The U.S. House of Representatives voted 242-174 to reauthorize federal funding to maintain low-cost health insurance to 8.9 million children and 370,000 pregnant women under the Children’s Health Insurance Program (CHIP).

H.R. 3922, the Community Health and Medical Professionals Improve Our Nation Act, also referred to as the Championing Healthy Kids Act of 2017, combines two bills previously introduced in the House: H.R. 3922, the Champion Act, and H.R. 3921, the Healthy Kids Act.
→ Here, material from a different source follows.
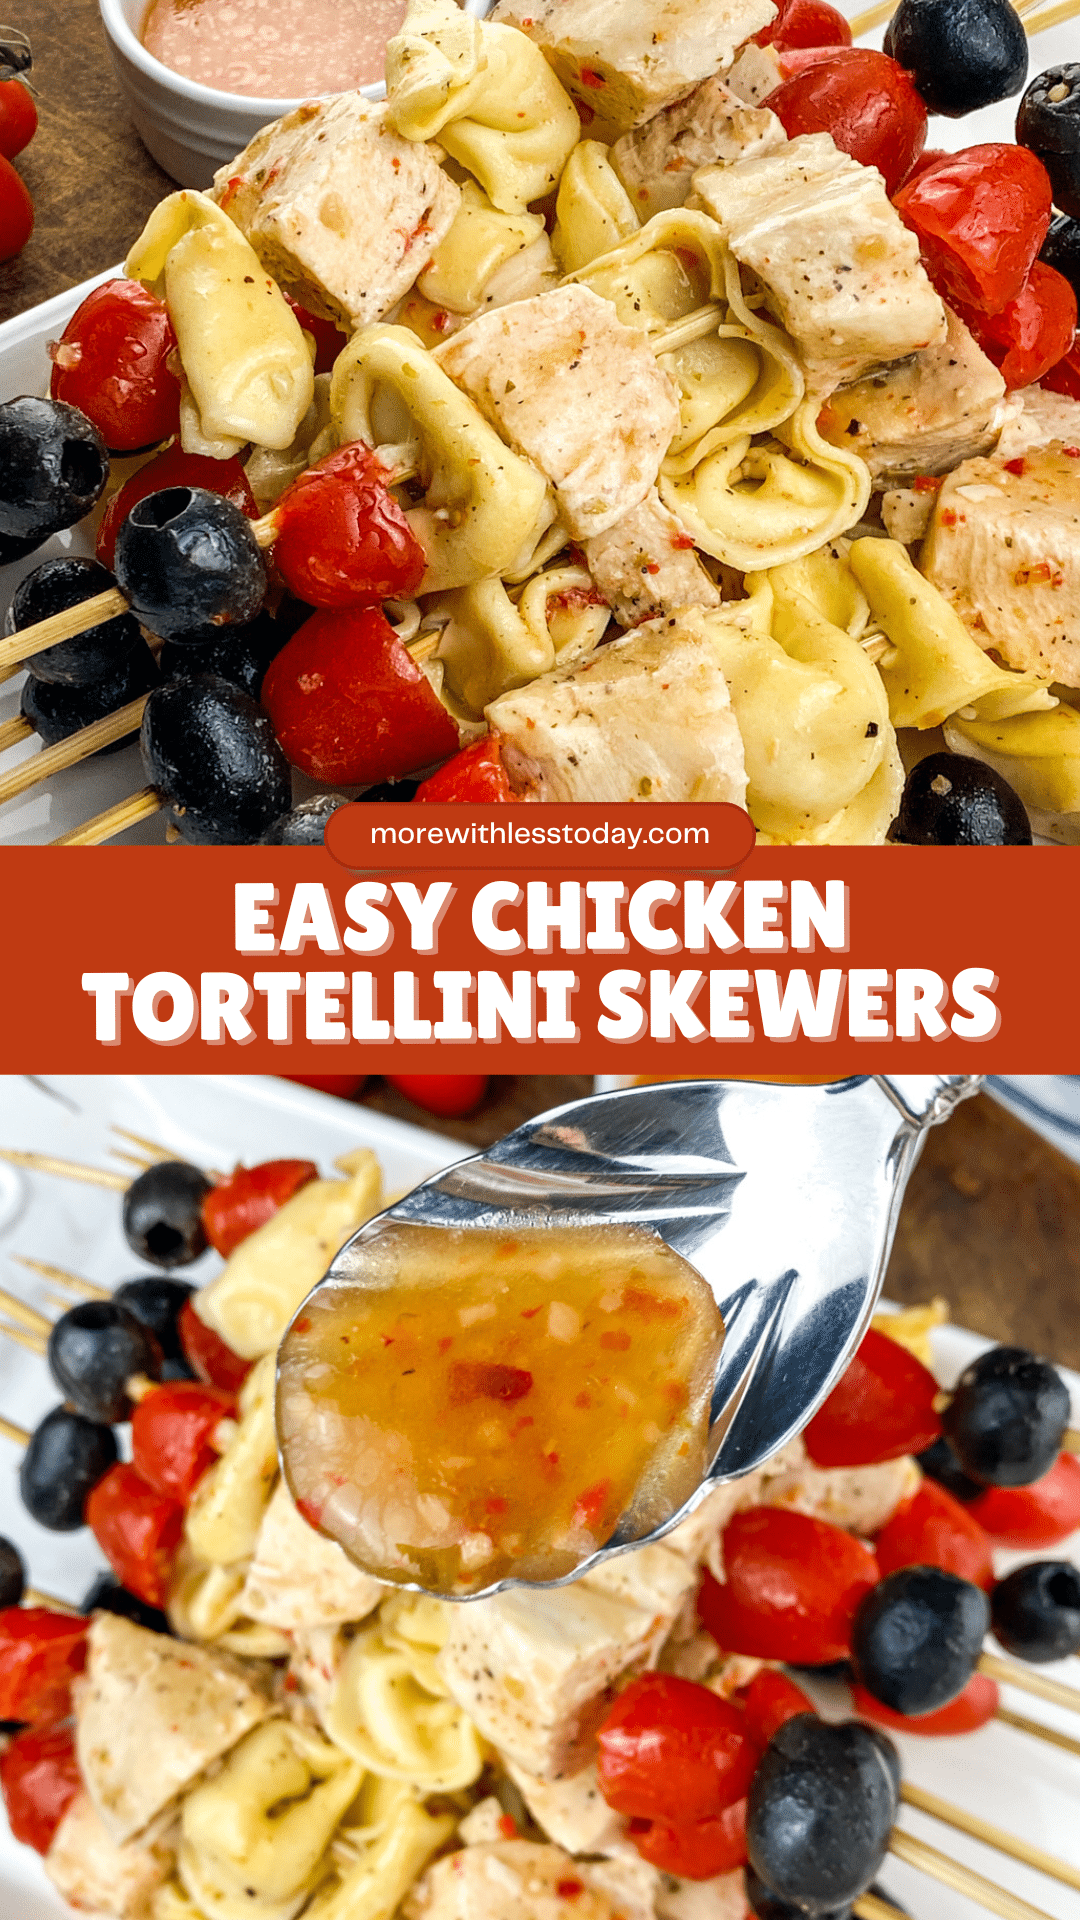 Easy Chicken Tortellini Skewers - PIN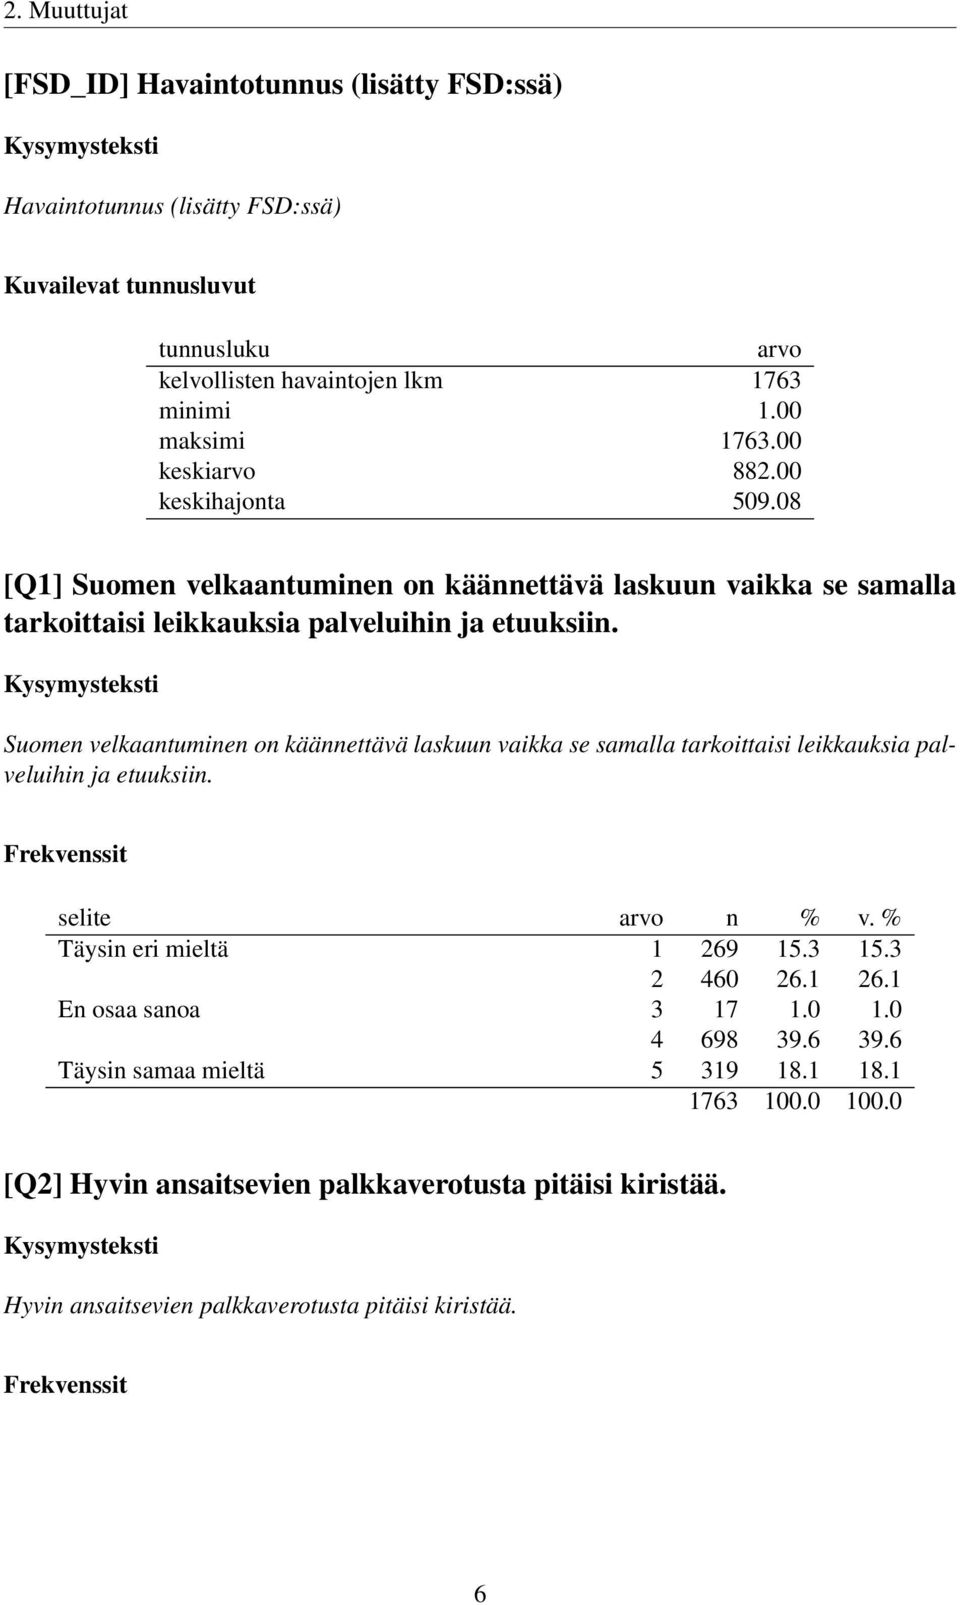 Suomen velkaantuminen on käännettävä laskuun vaikka se samalla tarkoittaisi leikkauksia palveluihin ja etuuksiin. Täysin eri mieltä 1 269 15.3 15.3 2 460 26.1 26.1 En osaa sanoa 3 17 1.

Federal funds for CHIP and community health centers expired at the end of September. The legislation grants a five-year extension of CHIP (through 2022), Federally Qualified Health Centers (FQHCs) through FY2019, and revises CHIP and Medicaid. Specifically, H.R. 3922:

  • Extends funding through FY2022 for CHIP allotments, as well as the Child Enrollment Contingency Fund, the Childhood Obesity Demonstration Project, and Pediatric Quality Measures Program, and specified outreach and enrollment grants;
  • Reauthorizes through FY2022 the qualifying-states option and the express-land eligibility option;
  • Extends funding through FY2019 for FQHCs through the Community Health Center Fund;
  • Extends funding through FY2019 for the National Health Service Corps, Teaching Health Center Graduate Medical Education, Family-to-Family Health Information Centers, the Youth Empowerment Program, and the Personal Responsibility Education Program;
  • Allows state CHIP programs to adopt more restrictive eligibility standards with respect to children in families whose income exceeds 300% of the poverty line who have an offer of employer-sponsored insurance;
  • Ensures the unwinding of the enhanced Federal Matching Assistance Percentage (E-FMAP) for child-health assistance by not extending the E-FMAP beyond FY2019, providing a 11.5 percent E-FMAP in FY2020, and returning to the traditional pre-ACA CHIP matching rate in FY2021 and FY2022;
  • Eliminates $5 billion in Medicaid payment reductions for disproportionate-share hospitals (DSH allotments) in FY2018 and FY2019, and offsets the cost of this policy with new additional reductions in FY2021 through FY2023;
  • Allots over $1 billion in Medicaid funding for Puerto Rico and the Virgin Islands through FY2019 and allows funding be further increased through 2019 if the oversight board certifies Puerto Rico takes specific actions to improve its Medicaid program’s quality, integrity, and accountability;
  • Allows states to define their grace period requirements for patients receiving advance premium tax credits (APTCs) and cost sharing reductions (CSRs) or move to a default of one month;
  • Redirects Prevention and Public Health Fund dollars to support critical prevention and public health programs in this bill;
  • Improves current law related to third-party liability under Medicaid and CHIP to save Medicaid and CHIP programs by ensuring other liable third parties pay to the extent of their liability;
  • Specifies how a state must treat qualified lottery winnings and lump-sum income for purposes of determining Medicaid eligibility.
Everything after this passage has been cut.